Allen seinen Texten liegen komplexe Gedankenkonglomerate zugrunde. Auch den Theaterstücken. Die letzten drei sind in dem ebenfalls neuen Band „Lapidarium“ versammelt. Es sind umfangreiche Textflächen, heterogen, vielgestaltig, Prosapassagen, endlos lange Mono- und Dialoge. Das wirkt unspielbar – und ist es doch: „Reich des Todes“ und „Baracke“ wurden in mehreren großen Häusern in Deutschland und Österreich inszeniert.
Gerade das Ausufernde, Manische des Goetz’schen Theaterschreibens scheint für Dramaturgen eine spannende Herausforderung zu sein. „Reich des Todes“ wurde durch die Anschläge des 11. September 2001 und den Folterskandal in Abu Ghraib motiviert - verschaltet mit NS-Anspielungen, wird es zu einem Stück über das Wesen der Folter.
Einer der wichtigsten Autoren der Gegenwart
„Baracke“ ist als Familienstück konzipiert, es zeigt die Entstehung und das Vergehen der Liebe, was besondere Brisanz dadurch gewinnt, dass die NSU-Terroristen Beate Zschäpe und Uwe Mundlos die fiktiven Eltern innerhalb des Stücks sind. Es gehe, so Goetz selbst, um die „beengende Übernähe der Menschen zueinander“.

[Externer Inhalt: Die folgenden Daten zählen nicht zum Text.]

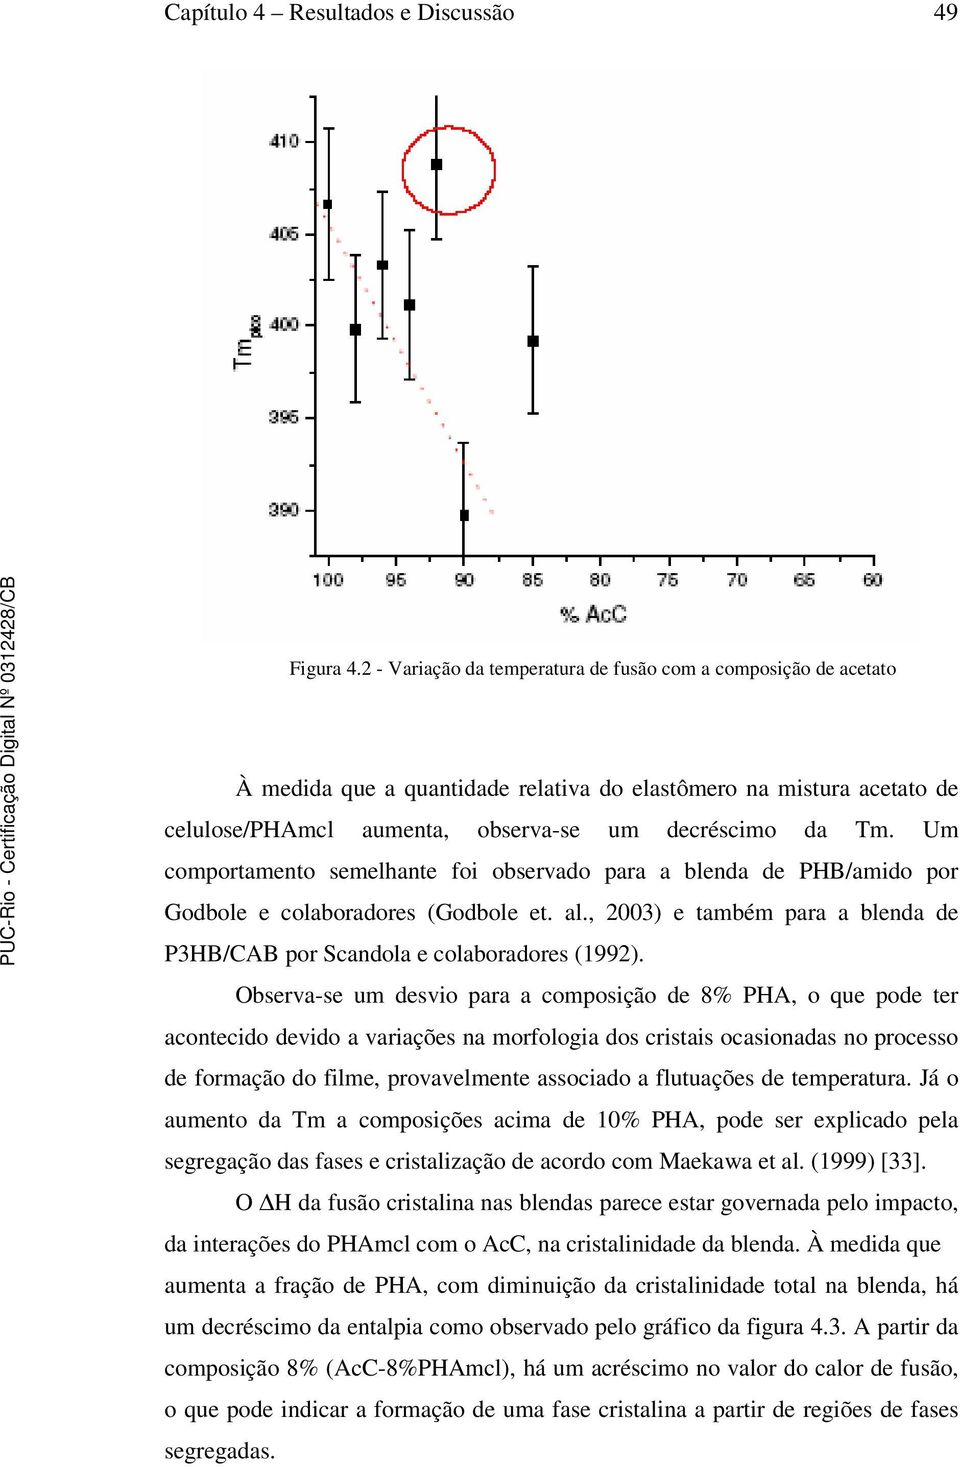 Um comportamento semelhante foi observado para a blenda de PHB/amido por Godbole e colaboradores (Godbole et. al., 2003) e também para a blenda de P3HB/CAB por Scandola e colaboradores (1992).

Die Stücke schaffen durch latente Andeutungen auf verschiedenste Themenkomplexe eine immense Bedeutungstiefe und Bodenlosigkeit banalster Gegenstände. Schwierig, ja kryptisch oft, aber enorm anregend. Fern jeder Festlegung. Goetz ist unleugbar einer der wichtigsten deutschen Gegenwartsautoren, vielleicht sogar der wichtigste.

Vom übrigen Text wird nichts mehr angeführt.